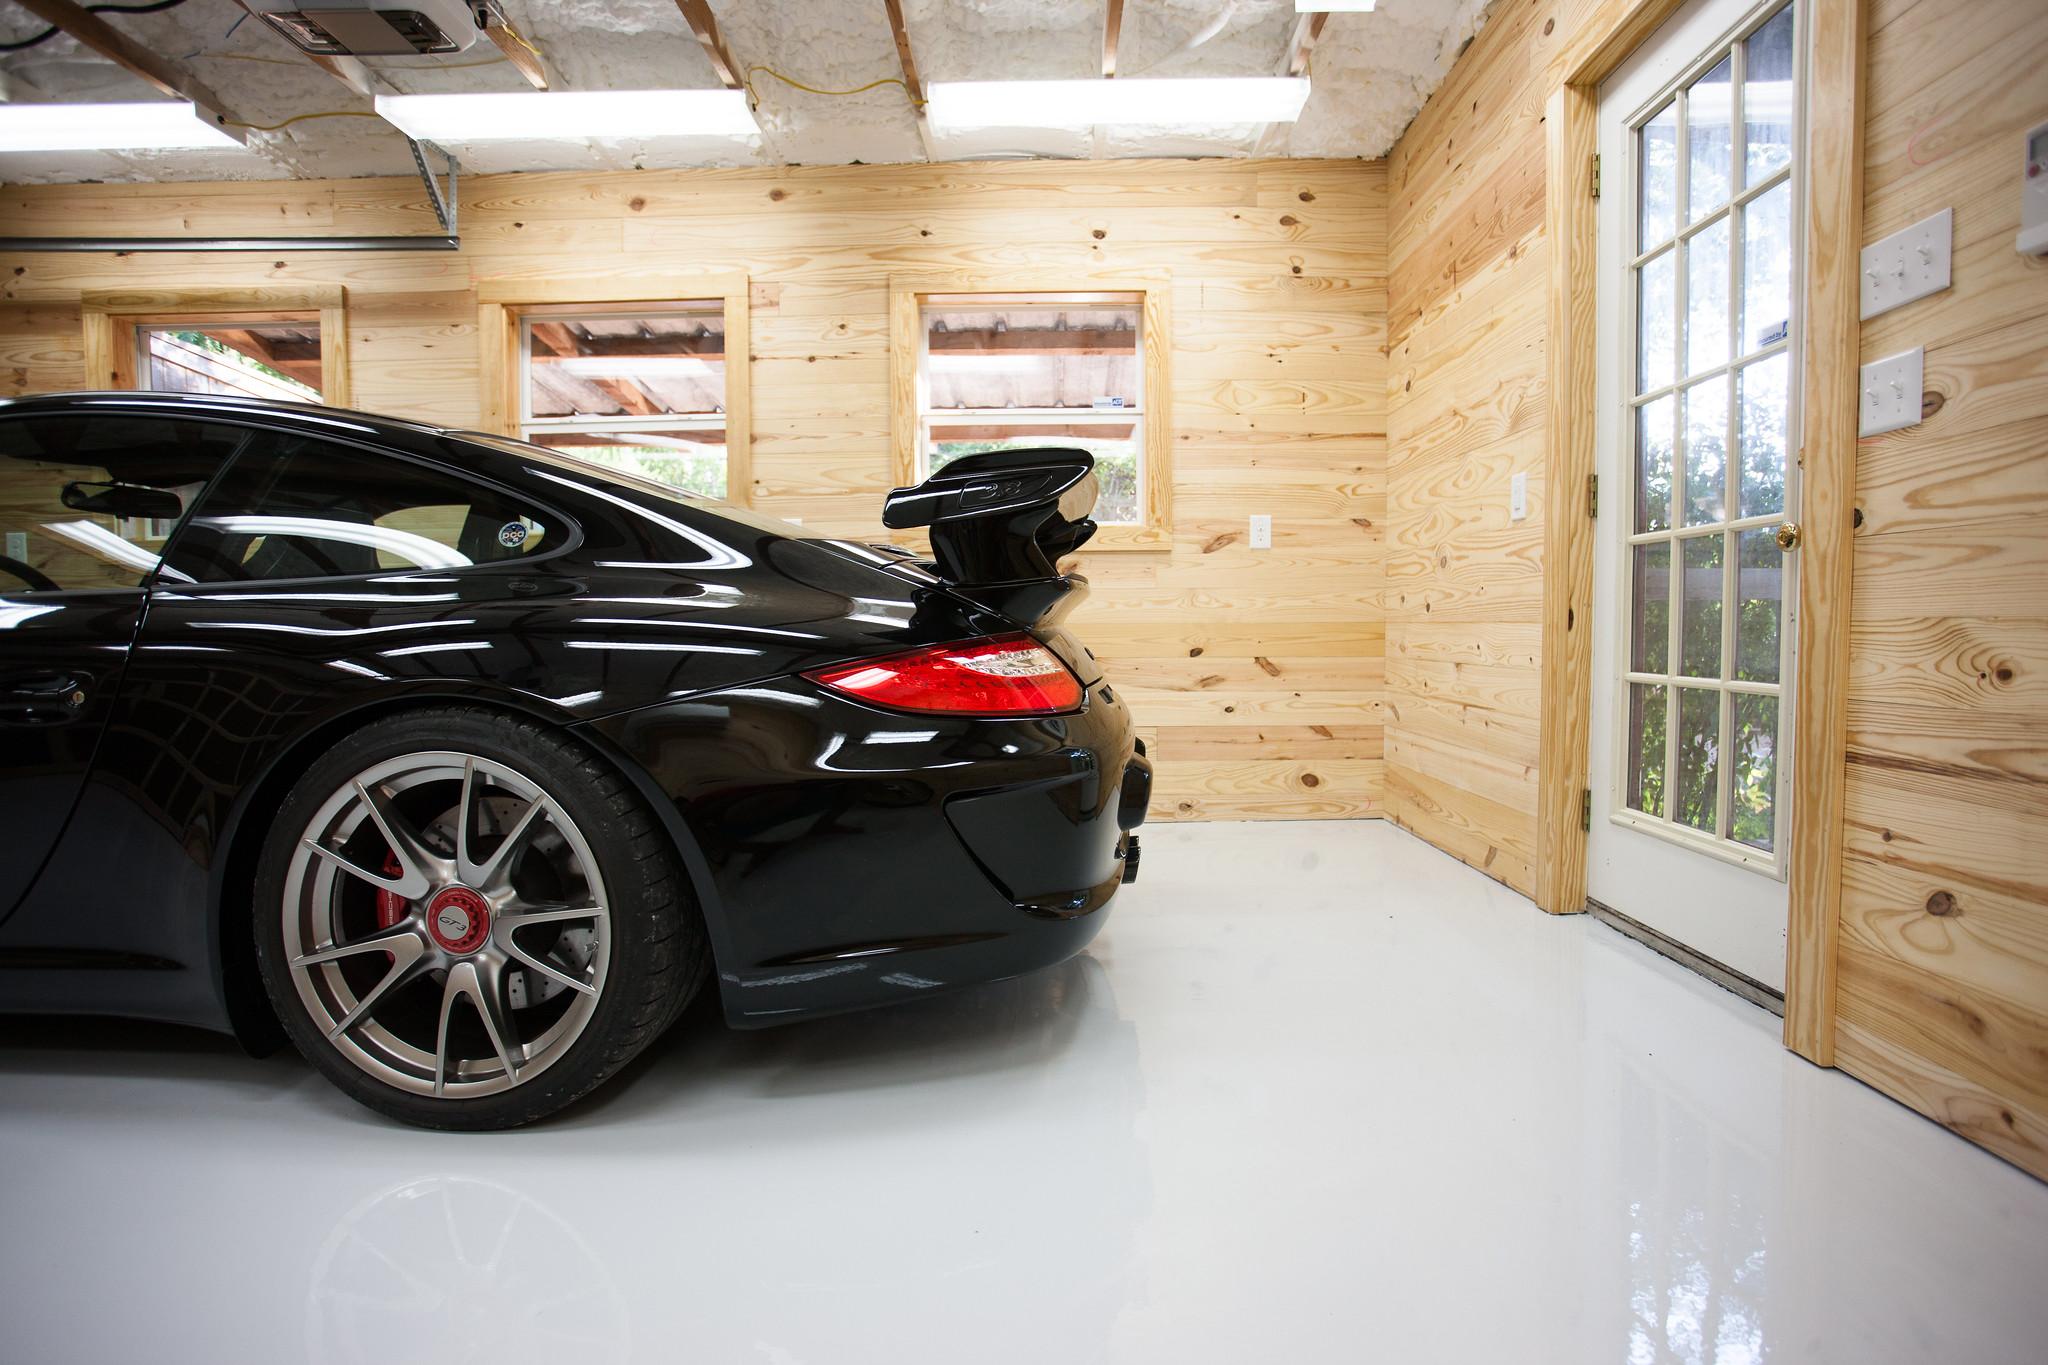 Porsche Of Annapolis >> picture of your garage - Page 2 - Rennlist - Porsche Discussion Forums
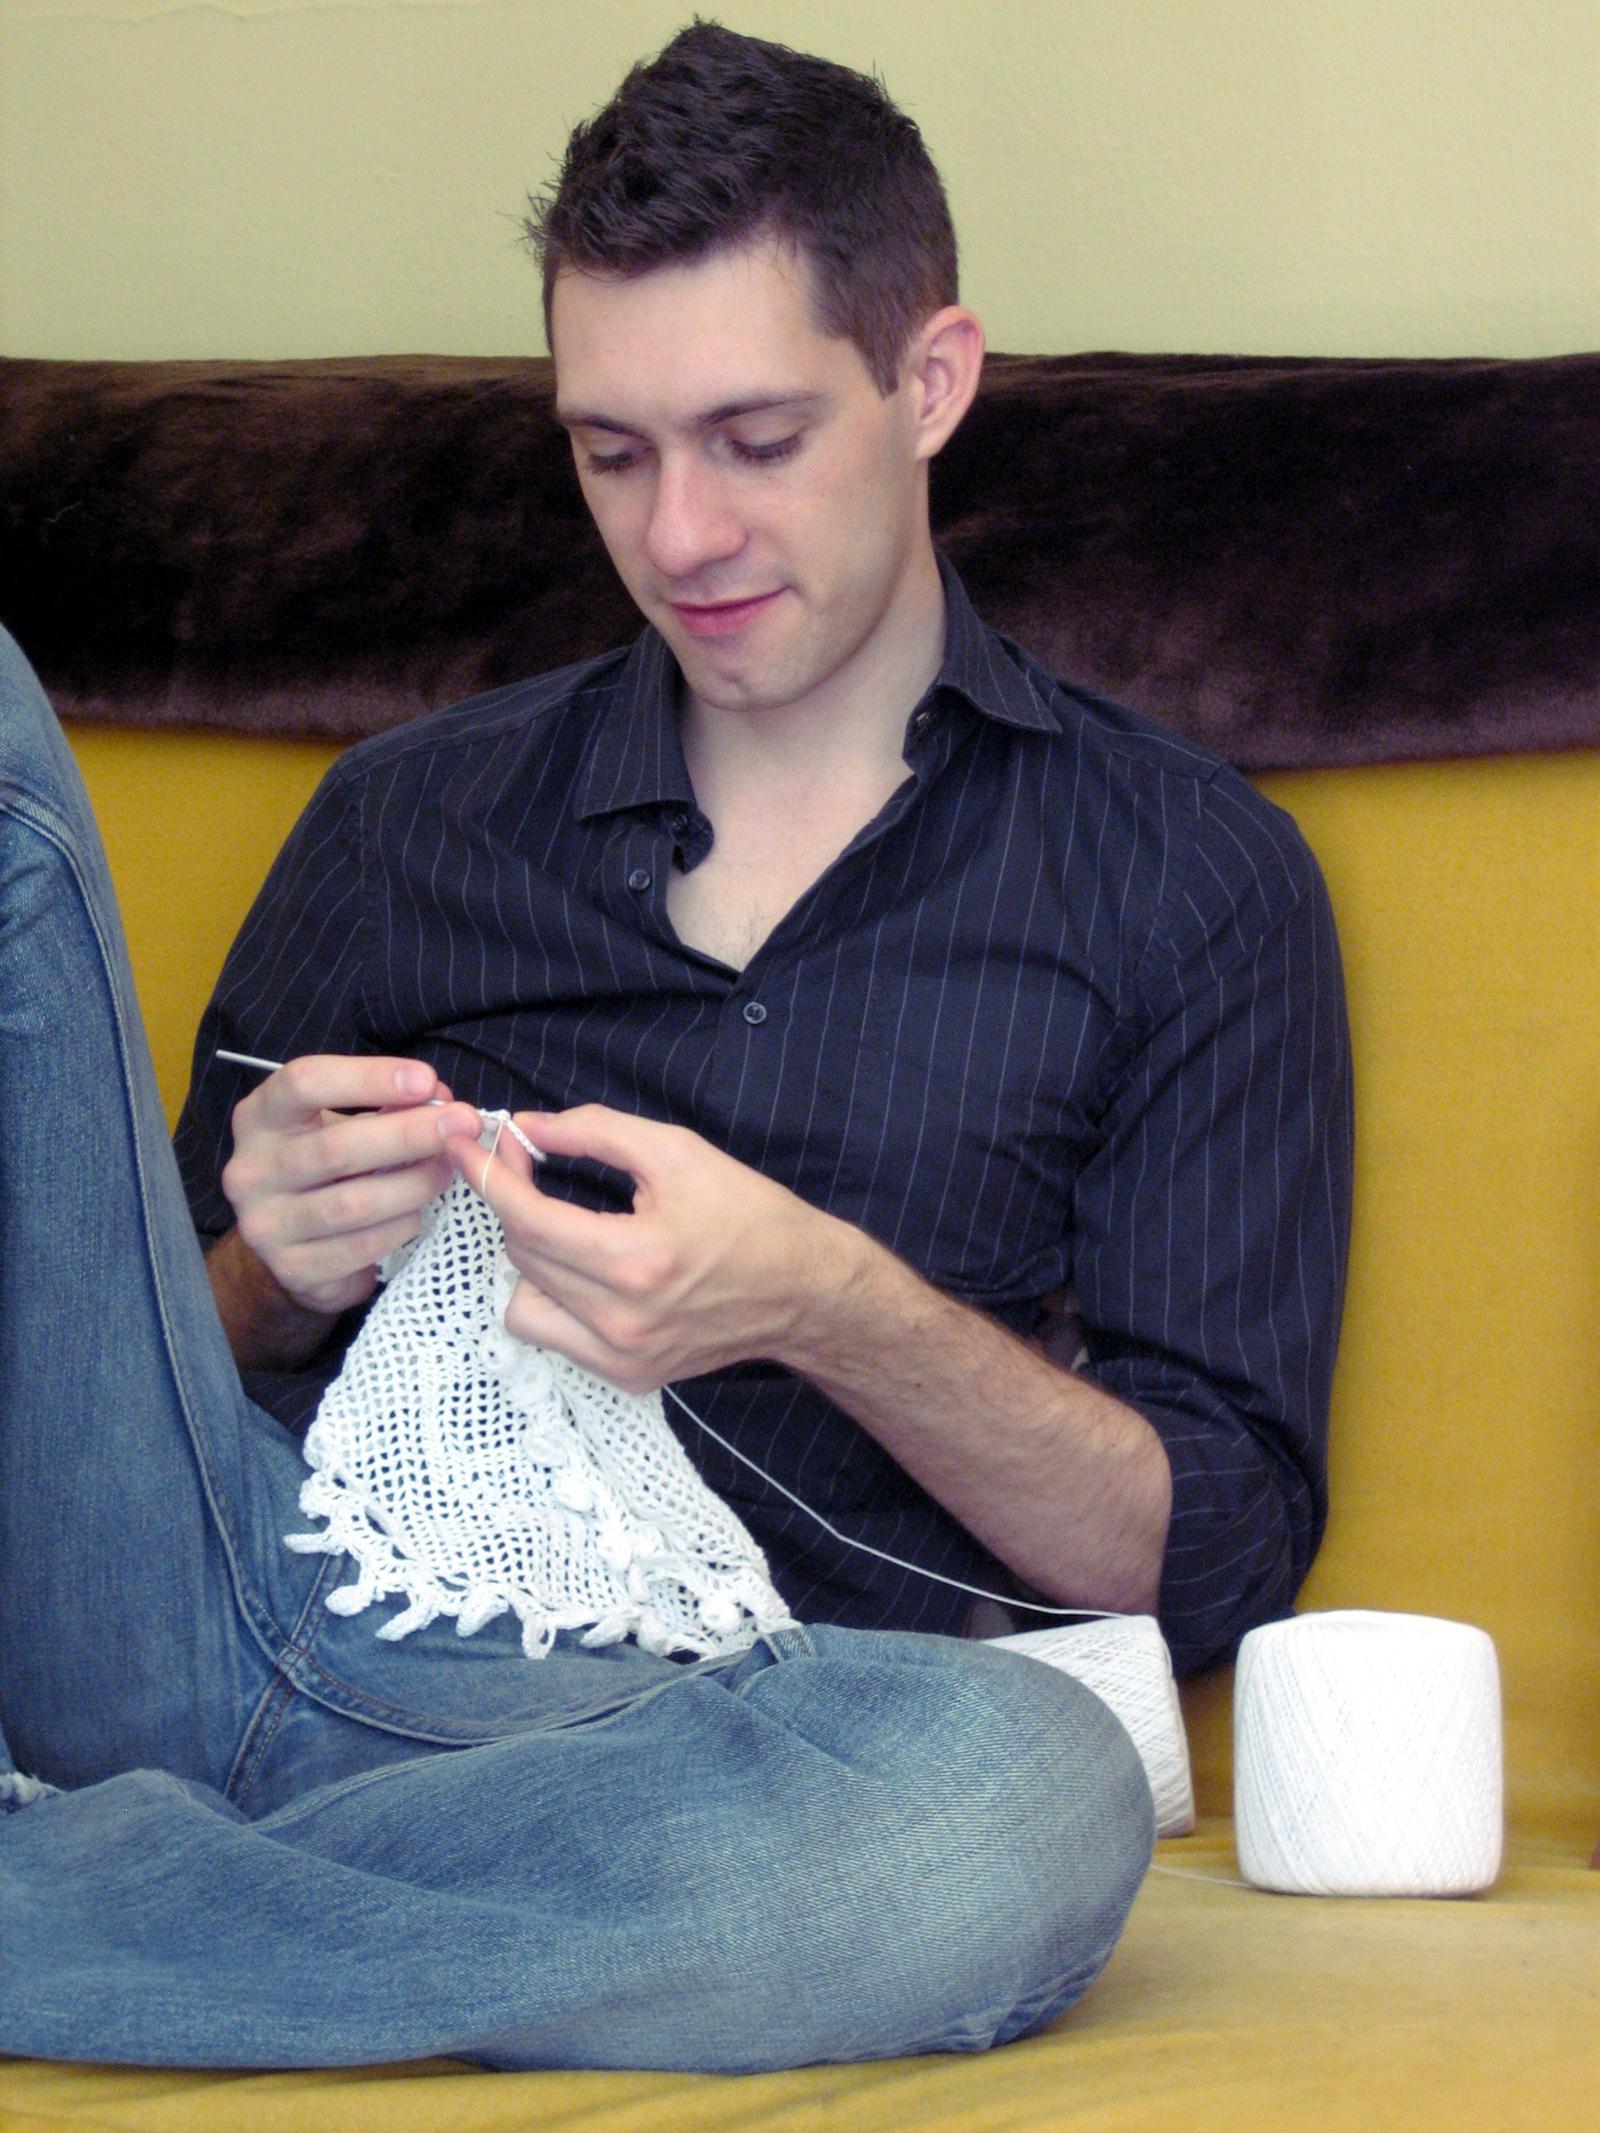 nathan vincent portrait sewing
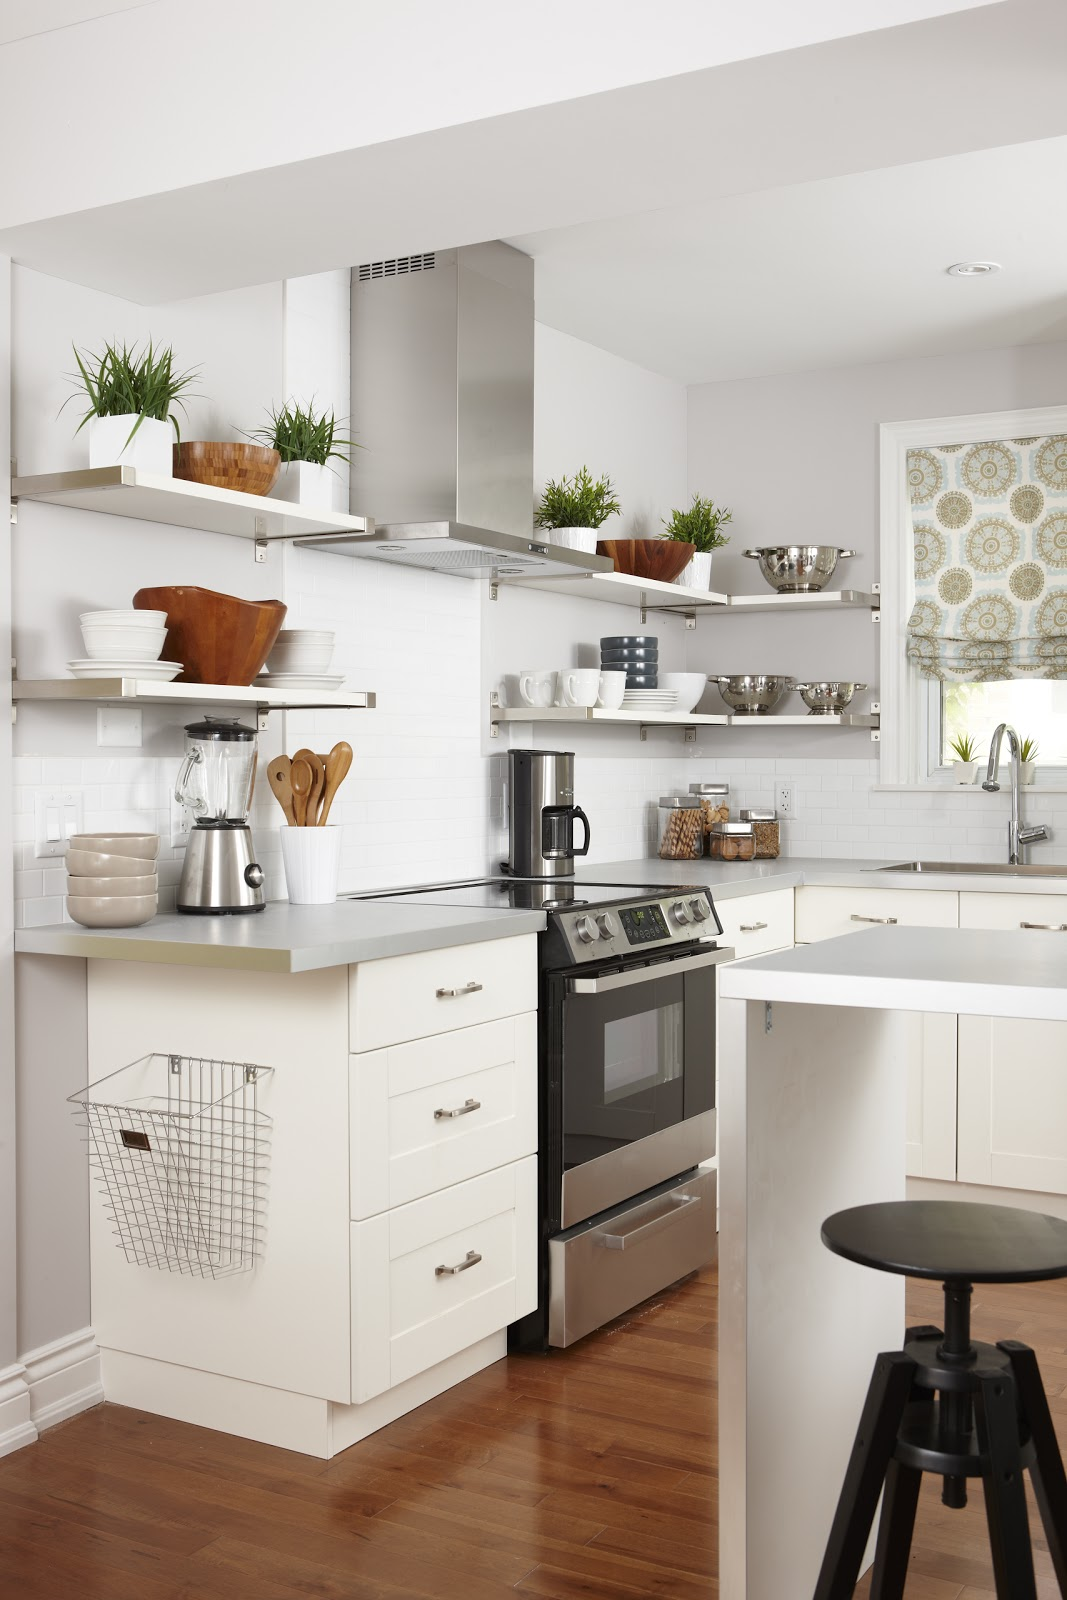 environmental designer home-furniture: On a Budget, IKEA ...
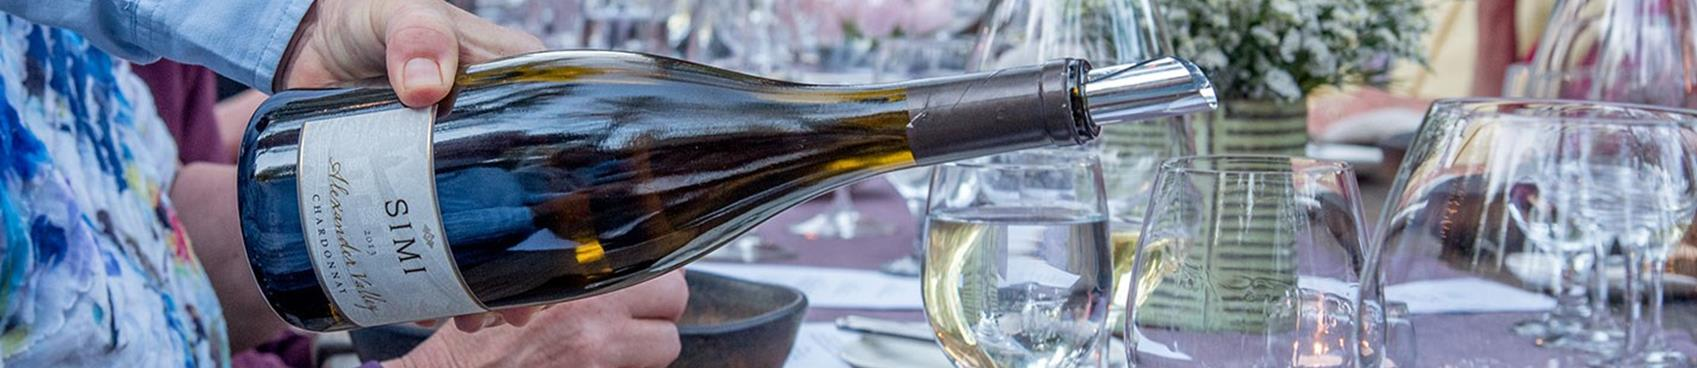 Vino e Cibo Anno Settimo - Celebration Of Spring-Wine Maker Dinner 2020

YOUR GOAL
Give back all the data exactly, minus pictures.

SOLUTION
 Porsche Of Annapolis >> picture of your garage - Page 2 - Rennlist - Porsche Discussion Forums
 nathan vincent portrait sewing
 environmental designer home-furniture: On a Budget, IKEA ...
 Vino e Cibo Anno Settimo - Celebration Of Spring-Wine Maker Dinner 2020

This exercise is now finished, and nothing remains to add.